10. En réponse au paragraphe 24 de l'avis d'appel, il admet uniquement que M. Simpson était associé au Wellington Centre for Seniors. Par ailleurs, il n'est pas au courant des faits allégués dans ce paragraphe.

11. En réponse au paragraphe 34 de l'avis d'appel, il admet uniquement qu'un projet visant à recueillir des fonds par le truchement d'une société en commandite a été mis sur pied, puis abandonné. Par ailleurs, il n'est pas au courant des faits allégués dans ce paragraphe.

12. En réponse au paragraphe 36 de l'avis d'appel, il admet uniquement que l'appelant a acquis sa participation dans le Wellington en novembre 1987 environ.
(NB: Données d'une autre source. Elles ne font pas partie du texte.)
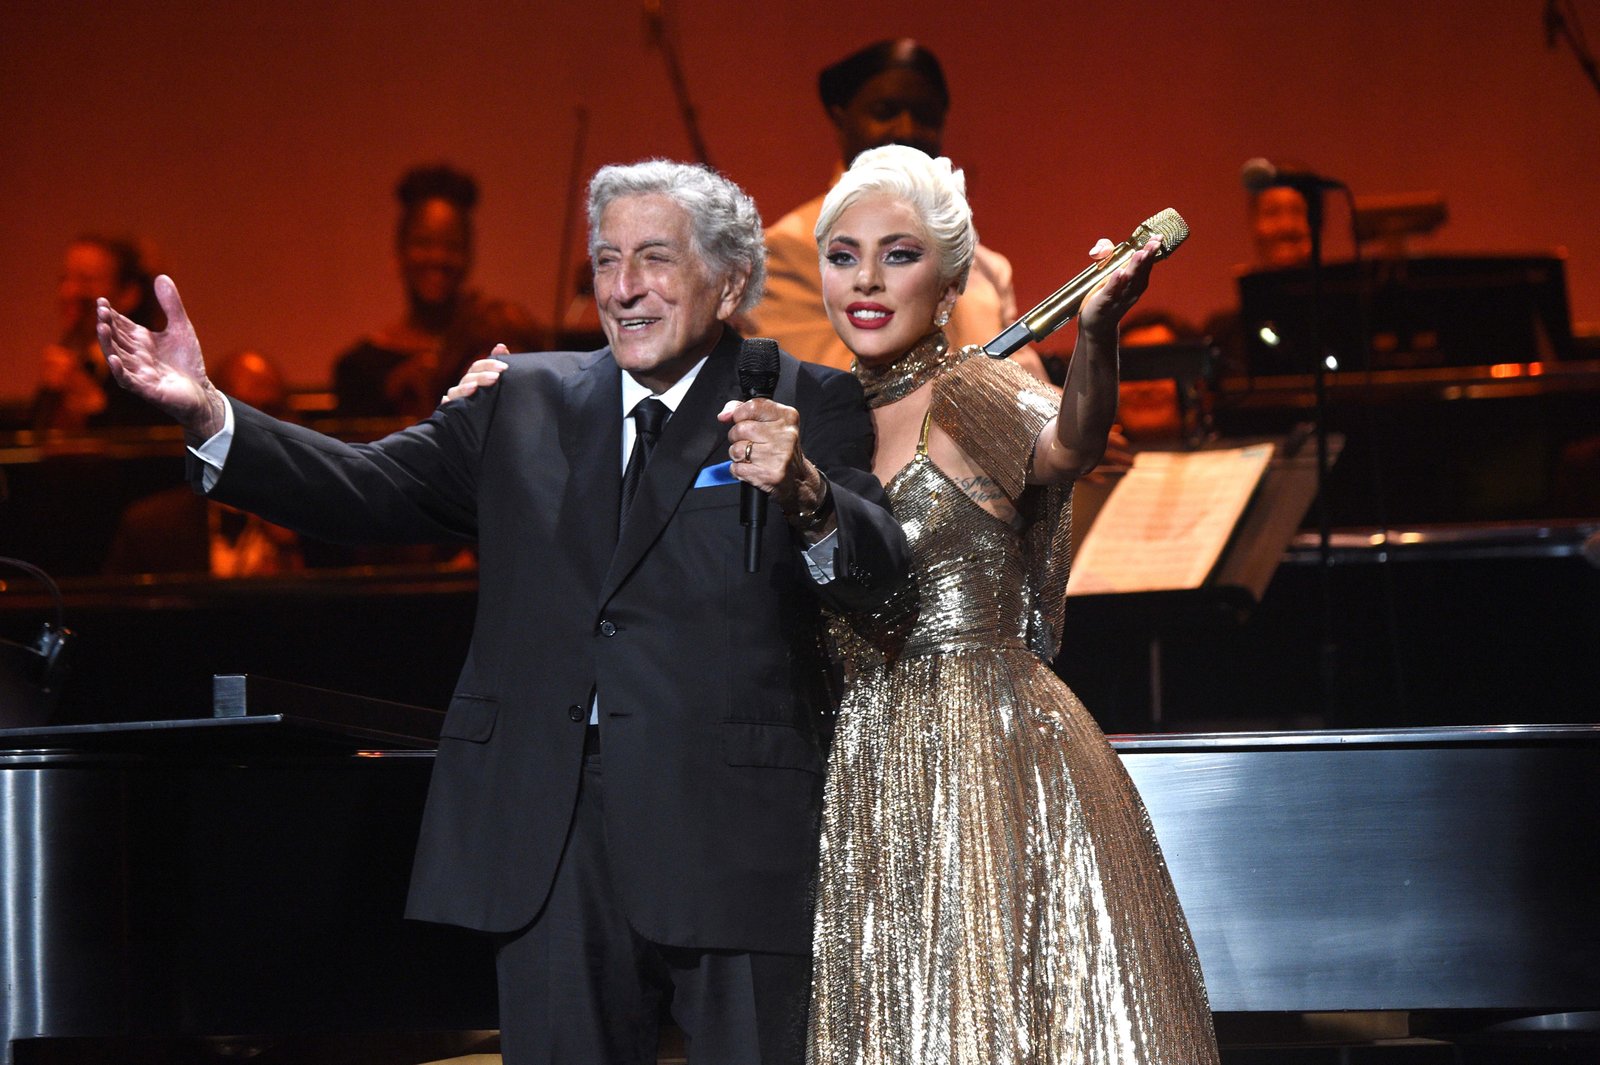 The unlikely duo released two albums together, 2014’s “Cheek to Cheek” and 2021’s “Love for Sale,” both of which were critically acclaimed and won Grammy Awards for Best Traditional Pop Vocal Album.

Par ailleurs, il n'est pas au courant des faits allégués dans ce paragraphe.

13. En réponse au paragraphe 39 de l'avis d'appel, il admet uniquement que, dans sa déclaration de revenu pour l'année 1991, l'appelant a déduit le montant de 12 609 $ à titre de perte d'entreprise, mais il affirme que ce montant représentait la somme investie plus les dépenses.

[...]

18. Pour établir la nouvelle cotisation à l'égard de l'appelant pour l'année d'imposition 1991, le ministre s'est appuyé sur les allégations de fait suivantes :

a) RPIM a été constituée en société en juin 1984 pour faciliter l'achat et la gestion des propriétés situées dans les régions d'Ottawa et de Kingston;

b) à toutes les périodes pertinentes, RPIM était assujettie à l'autorité de Glenn Lucas;

c) RPIM et son prédécesseur, Glenn T. Lucas Financial Services, se sont occupés de la gestion de maisons individuelles, de duplex, de triplex et de maisons à logements de même que de centres de villégiature et de projets de construction;

d) RPIM et Glenn Lucas exploitent une entreprise de promotion et de gestion d'abris fiscaux;

e) à toutes les périodes pertinentes, l'appelant était employé chez Drytex et n'exploitait pas une entreprise d'achat et de vente de biens immobiliers;

[...]

Le Wellington Centre for Seniors (le “ Wellington Centre ”)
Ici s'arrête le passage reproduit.